Call Dial in blocking mode

**What this PR does / why we need it**:
# Tests which uncover underlying problem
On the current master code:
1. comment out stub plugin server start [here](https://github.com/kubernetes/kubernetes/blob/master/pkg/kubelet/cm/deviceplugin/endpoint_test.go#L127-L128)
2. run `go test  -v k8s.io/kubernetes/pkg/kubelet/cm/deviceplugin --run TestNewEndpoint --count 1`. Test succeeds.
3. run `go test  -v k8s.io/kubernetes/pkg/kubelet/cm/deviceplugin --run TestRun --count 1`. Test hangs with:
> listAndWatch ended unexpectedly for device plugin mock with error rpc error: code = Unavailable desc = grpc: the connection is unavailable

`2` does not fail even though it invokes Dial and no listening server is running. It is because currently Dial is not waiting till the connection turns to Ready state. And this case does not invokes any RPC call over the `conn` returned by `Dial`

`3` hangs because this tests involves actual usage of `conn`(client) and there it does not find listening server because we dint start and deliberately stopped in `1`.
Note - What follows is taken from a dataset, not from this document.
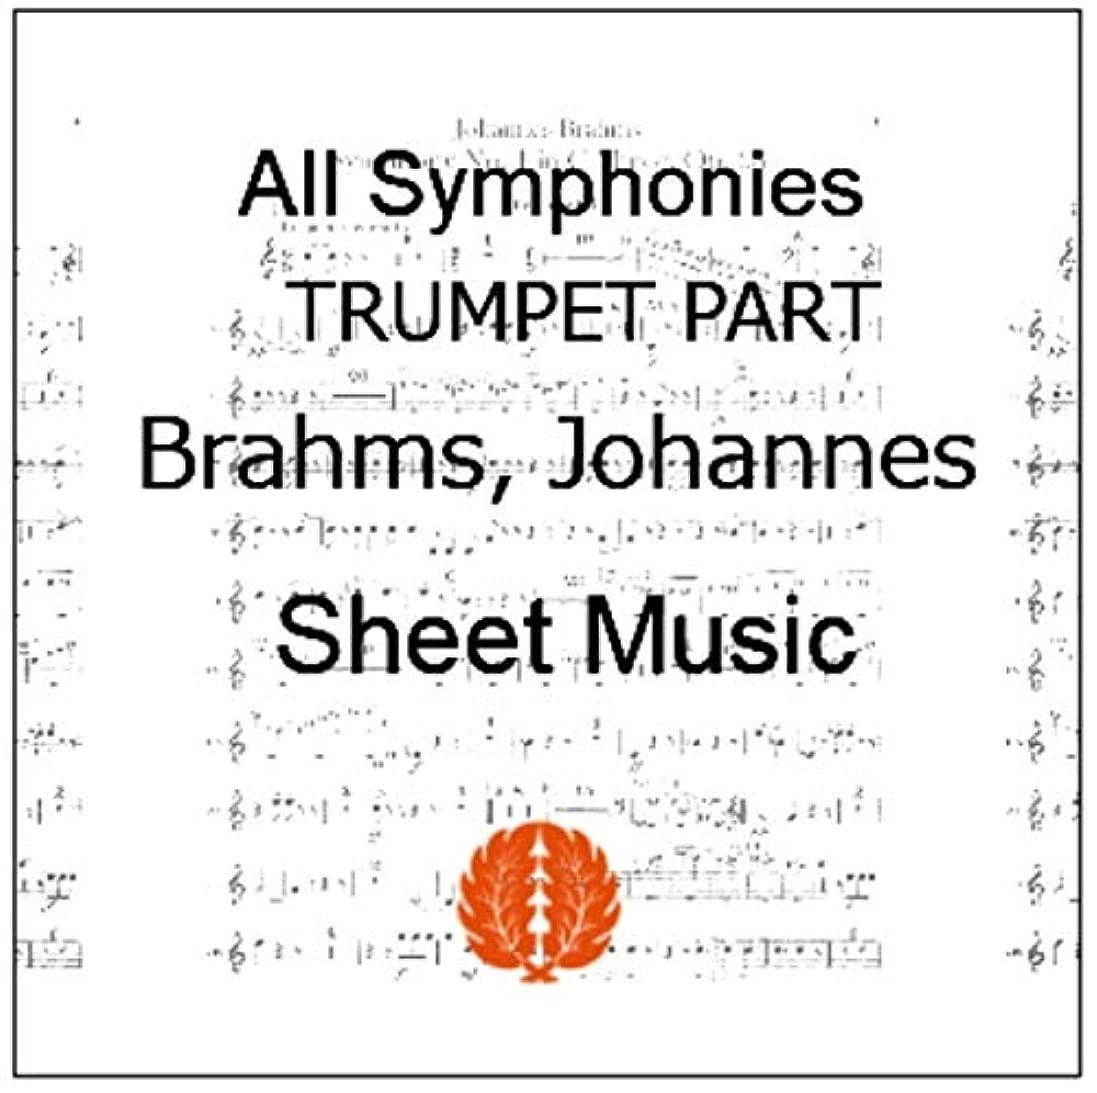 楽譜 pdf ブラームス 交響曲 全曲全楽章 トランペット パート譜セット

`Dial` should be using `WithBlock` option which ensures that `conn` is returned only when connection is in `Ready` state.

After using `WithBlock` in the `Dial`, in this PR, if `1`, `2` and `3` are repeated. Both, `2` and `3`, fails at `Dial`, which is expected behavior. By `fail`, I meant Dial blocks forever if `WithTimeout` is not used or otherwise, a timeout failure.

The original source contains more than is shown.